Die Wirklichkeit des Körpers

Der Schocker: die Wirklichkeit des Körpers

Ohne Vorankündigung stand ich letzte Woche der Wirklichkeit gegenüber, und zwar der Wirklichkeit des Körpers. Es war ein Schock.

Vielleicht kennst du die Lehrrede von den Vier Pfeilern der Achtsamkeit (Satipatthana-Sutta). Einer dieser Pfeiler ist der Körper, auf den man seine Achtsamkeit richtet. Und zwar nicht nur, indem man einfach wahrnimmt, was an Körperbewusstsein aufsteigt, sondern indem man seine Aufmerksamkeit gezielt auf bestimmte Aspekte des Körpers richtet.

Warnung: schockierender Inhalt!

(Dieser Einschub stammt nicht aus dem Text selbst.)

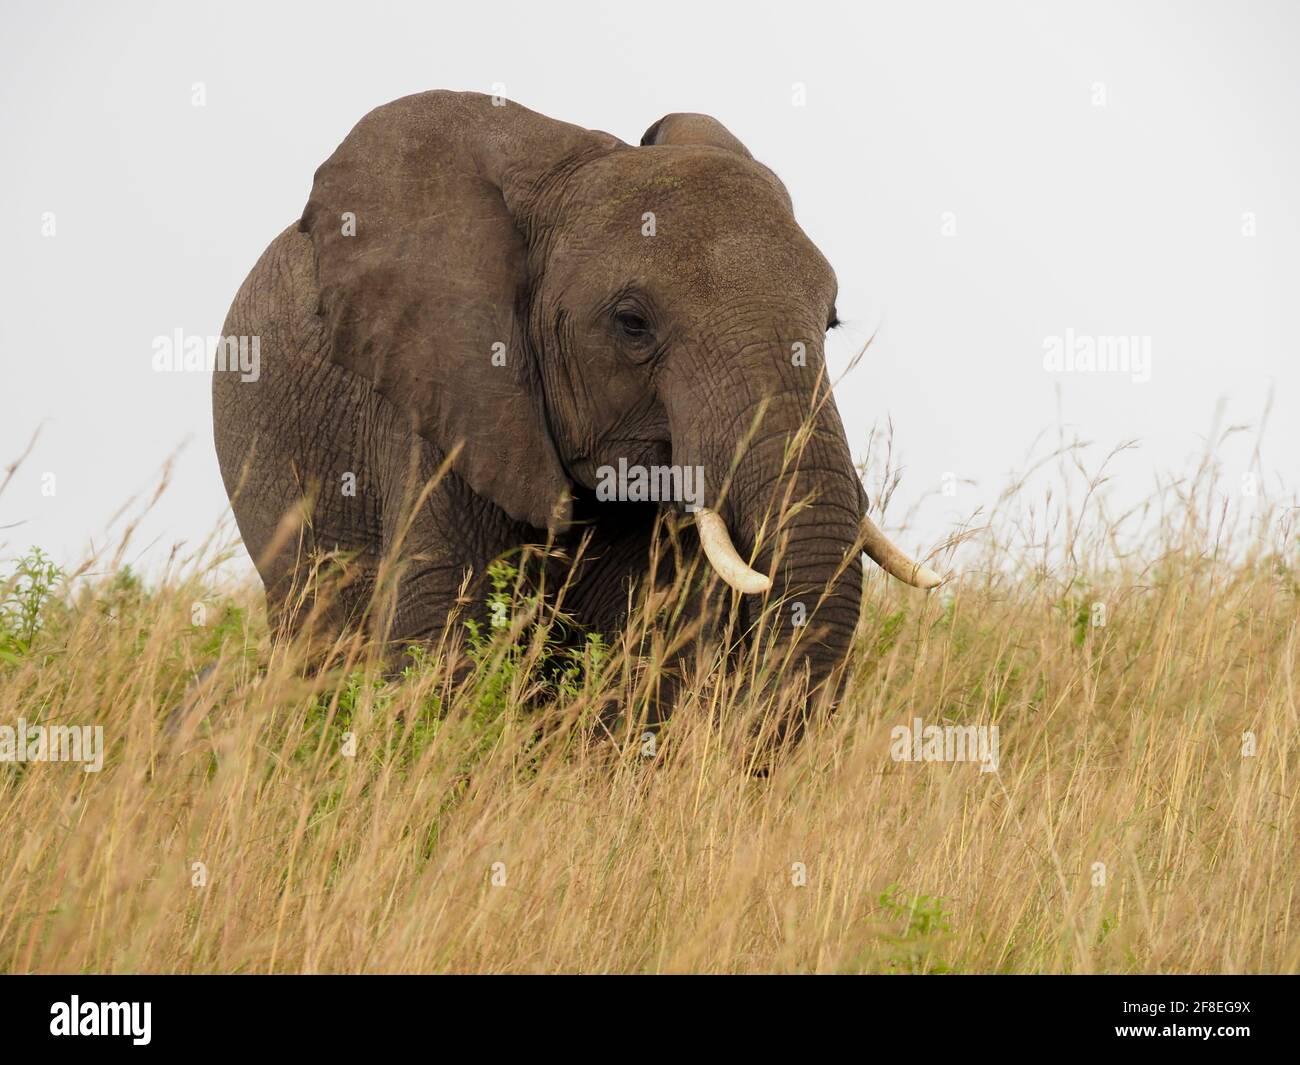 Masaai Mara, Kenya, Africa - February 26, 2020: African elephants in tall grass on Safari, Masaai Mara Game Reserve Stock Photo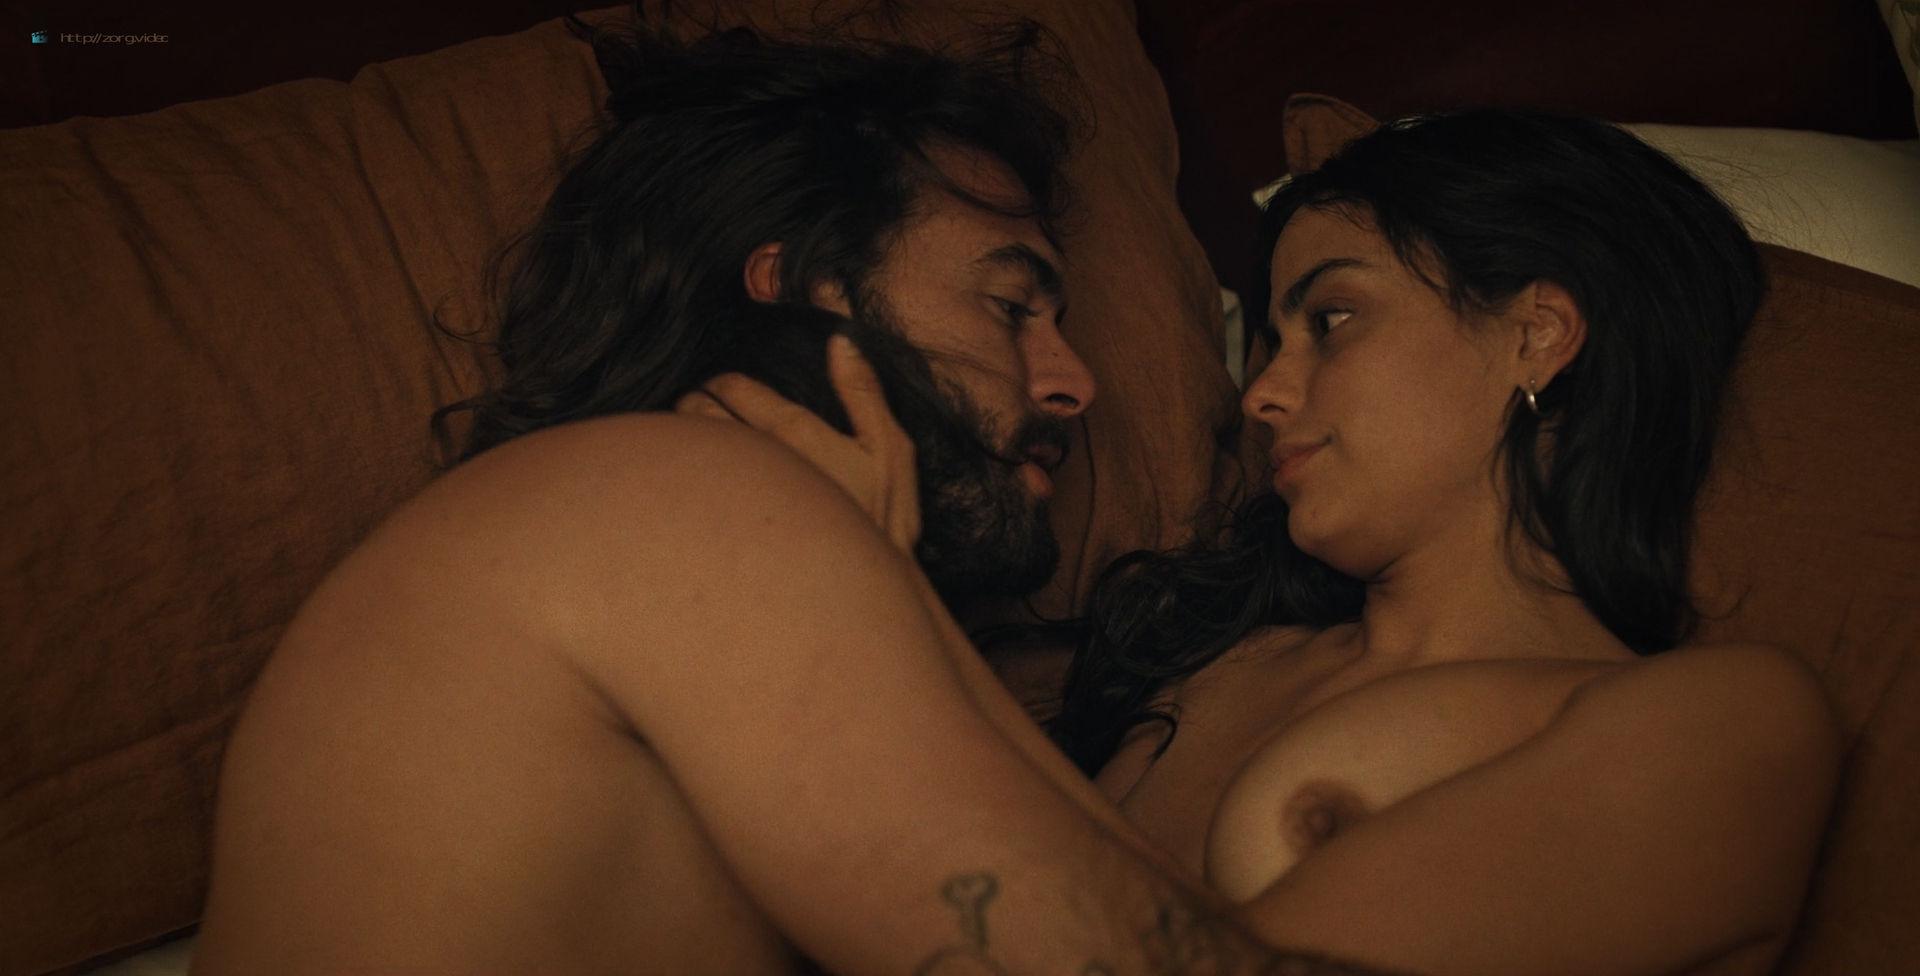 Ana Layevska nude lesbian sex with Florencia Ríos - Yankee (2019) S1 HD 1080p (4)

Lies nur weiter, wenn du dir die Wirklichkeit zumuten willst.

 

Betrachtung des Körpers

In der Lehrrede „Die vier Grundlagen der Achtsamkeit“, Satipatthana-Sutta M 10, spricht der Buddha darüber, wie die Achtsamkeitsmeditation genau angewendet wird.

Bei der Achtsamkeit auf den Körper geht es nicht nur darum, achtsam den Körper im Allgemeinen wahrzunehmen, sondern auch die Wirklichkeit des Körpers zu betrachten. Woraus besteht der Körper eigentlich?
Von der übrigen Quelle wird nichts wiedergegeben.